配達あかずきん―成風堂書店事件メモ (創元推理文庫)大崎 梢東京創元社このアイテムの詳細を見る |
駅ビル6階にある書店成風堂で働く、
しっかりものの書店員、杏子と、
勘の鋭いアルバイト、多絵が、
様々な日常の謎を解いてゆきます。
曰く、本格書店ミステリ。
本屋さん好き、読書好きには応えられない本ですね。
冒頭の一作目が、まず、ぎゅっと本好きの心を掴みます。
書店にやってきたお客が、店員に尋ねるのです。
「欲しい本が見つからないのだけれど・・・。
それがタイトルも書いた人もわからないの・・・。
どういう内容かもわからないのよね・・・。
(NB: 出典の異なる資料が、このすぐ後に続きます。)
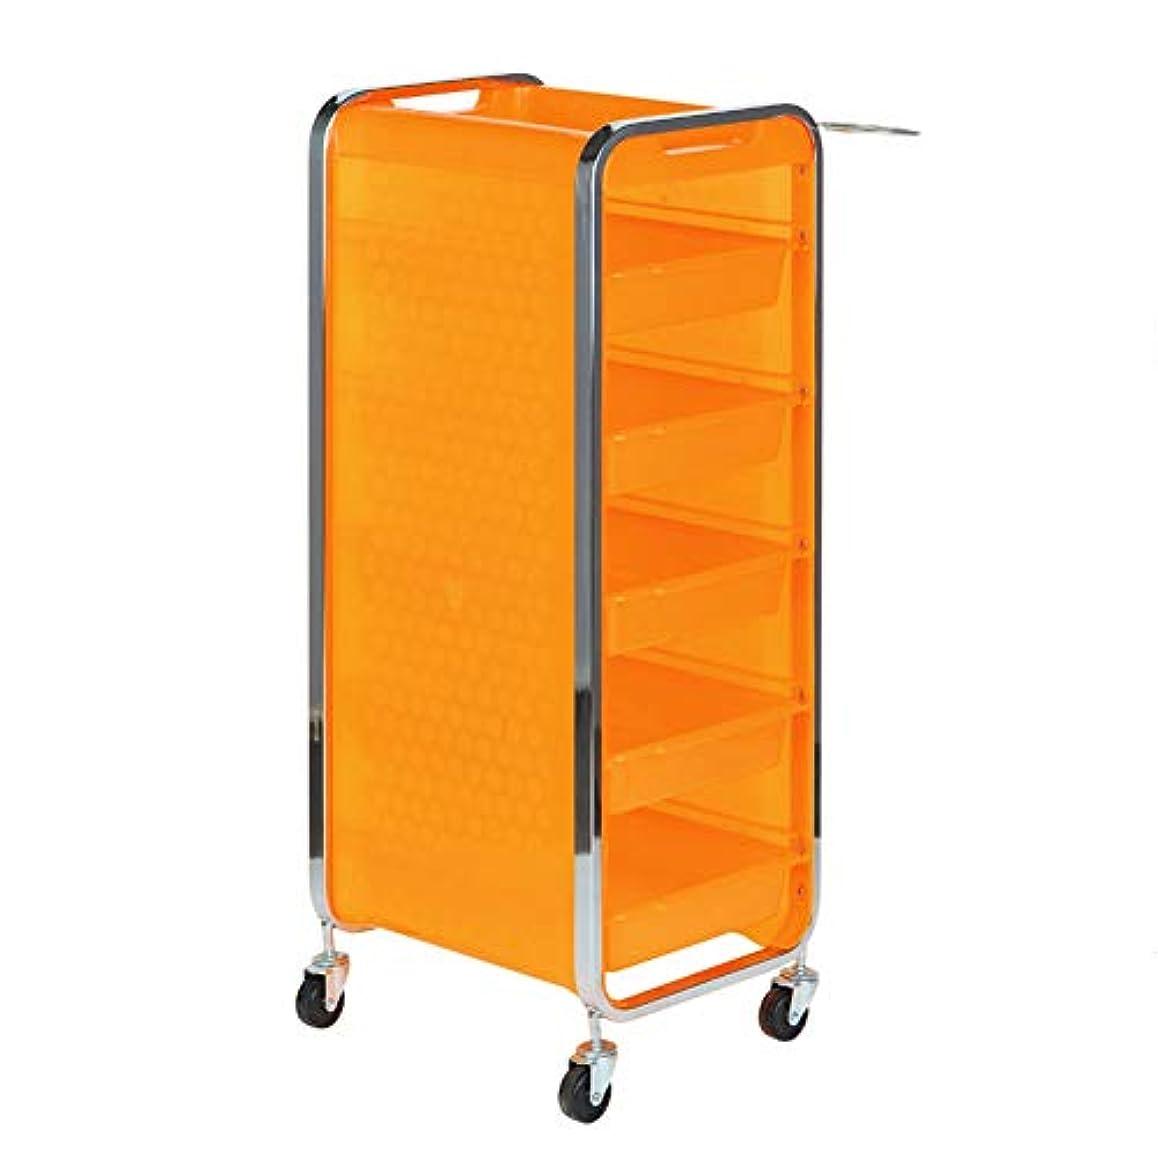 めるパケット他のバンドでサロン美容院トロリー美容美容収納カート6層トレイ多機能引き出し虹色,Orange,A

」
こういわれたら、普通はキレますね。
バカにしてるんですか?とか、
話にならない、出直してきて、とか・・・。
しかし、一応礼儀をわきまえている杏子は、
辛抱強く、何か、ヒントはないですか?とたずねる。
「かわいそうな話なのよ・・・。
女の子がたくさん出てきて、みんなとっても貧しいの。
なかなか家には帰れないし、
病気になったり、時には友達が死んでしまったり・・・」
などと、かすかに思い出した話を聞いているうちに、ひらめきが。
ひょっとして、「ああ、野麦峠」では?
ピン・ポン!
私は、この店員さんよりも、お客を身近に感じてしまいます。
私も、時々こういう状況に陥ることがあるんです。
新聞などの書評で、読みたいなと思った本。
きちんとメモすればいいものを、全くのうる覚えで書店に来てしまった。
え・・・? 題名は?著者は?
万事休す。
これでは検索のしようもないではありませんか。
でも、この本のお客のようには、とても恥ずかしくて、
店員さんになど聞けません・・・。
けれど、勉強熱心な店員さんなら、
最近新聞に載った本をチェックしてあるかもしれませんね。
本屋さんには子どものころからあこがれていたのですが、
なるほど、書店にはこんな業務もあるのか・・・と、
いろいろ書店の内情が書かれているのも、興味深く読みました。
今時の書店は、大型化する一方で、
昔のように、個人の「本屋さん」はとても少なくなりました。
本屋さんのお嫁さんになる、なんて夢は、
実際かなり叶いにくい夢になってしまっていますねえ。
この成風堂書店事件メモは、シリーズになっていて、
他にもすでに何冊か出ています。
すぐにでも、続きを読みたいのですが、
まあ、あわてず、次の文庫化を待つことにします。
そういえば、ここに登場する杏子さんや多絵さんなら、
「50円玉20枚の謎」をどう解くのでしょうね?
ぜひ一度はテーマに取り入れて欲しいものです。